Лет через шестьдесят после этого, когда мне было 22 года, мы с отцом приехали в Москву. Отец повел меня к своему дяде Льву Борисовичу, жившему в Просвирном переулке. Открыл Лев Борисович дверь, увидел меня и как-то странно на меня посмотрел. Когда я вошел, он меня обнял и сказал со слезами на глазах: «До чего ж ты похож на Копеля». Рассказали об этом бабушке, но она умиляться не стала, а, взглянув на меня, сказала: «Еще бы, он же был тоже сумасшедший» [1] Как все-таки хорошо, что об этой бабушкиной сентенции не знало КГБ, а то сидеть бы мне в психбольнице по скончания жизни.
.
Но бабушка сама резко отличалась от всех своих родственников: от своего отца она унаследовала одухотворенность, пытливость, любовь к чтению. Только читала она не Талмуд, а Канта, и увлекалась не цадиками, а Львом Николаевичем Толстым. От матери ей достались энергия, практическая сметка, живой, быстрый ум. И уж не знаю, от кого, — золотое сердце, умение растворяться в другом, совершенно забывая о себе, каким обладают, кажется, только женщины. В то же время была она вспыльчива, резка на язык, но и трогательно нежна. Звали ее Лия, в детстве — Лиечка, а впоследствии носила она русифицированное имя Леонида Михайловна.
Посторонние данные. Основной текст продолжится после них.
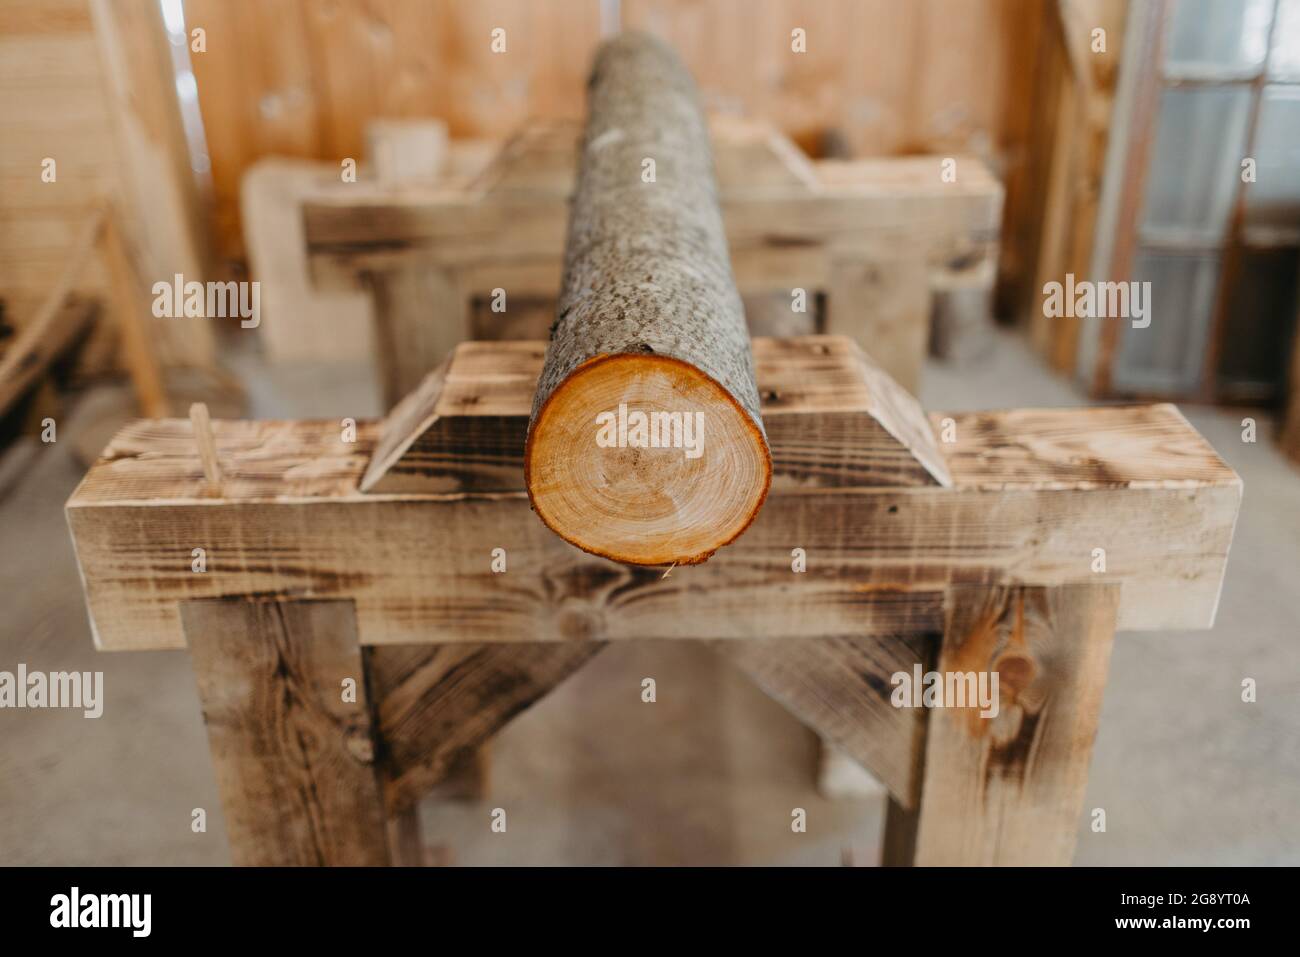 Woodworking process, making wooden pipe, didgeridoo  Stock Photo

Лиечка получила образование в пансионе, в имении тех же графов Чернышевых-Кругликовых. Учила ее мадам Сомова, женщина хорошего дворянского рода, посвятившая себя просвещению народа. И вот, растет девочка. И проводит целые дни в огромной библиотеке графского дома. Читает, читает без разбора все, что попадет под руку. Шли уже семидесятые годы. И сюда, в Чечерск, доносились отзвуки того движения, которое было в столицах. Сюда его принесли семинаристы, сыновья священника Лепешинского. С ними Лиечка дружила, и от них она узнавала о народниках, о Чернышевском и Добролюбове, у них она получала книги Белинского. Здесь пристрастилась к философии. Многое ей нравилось, но не могло наполнить сердце. Не в пример поповичу Лепешинскому, она не стала ни атеисткой, ни материалисткой. С детства любила молиться, находила сладость в молитве и, что удивительно в девушке, изучила древнееврейский язык. Споря с Лепешинскими, она стала интересоваться философией и не испугалась даже Канта; внимательно прочла «Критику чистого разума». Уже позже, в 80-е годы когда она была замужем, ее покорил яснополянский граф, страстной почитательницей которого она осталась на всю жизнь и преклонение перед которым она передала и мне.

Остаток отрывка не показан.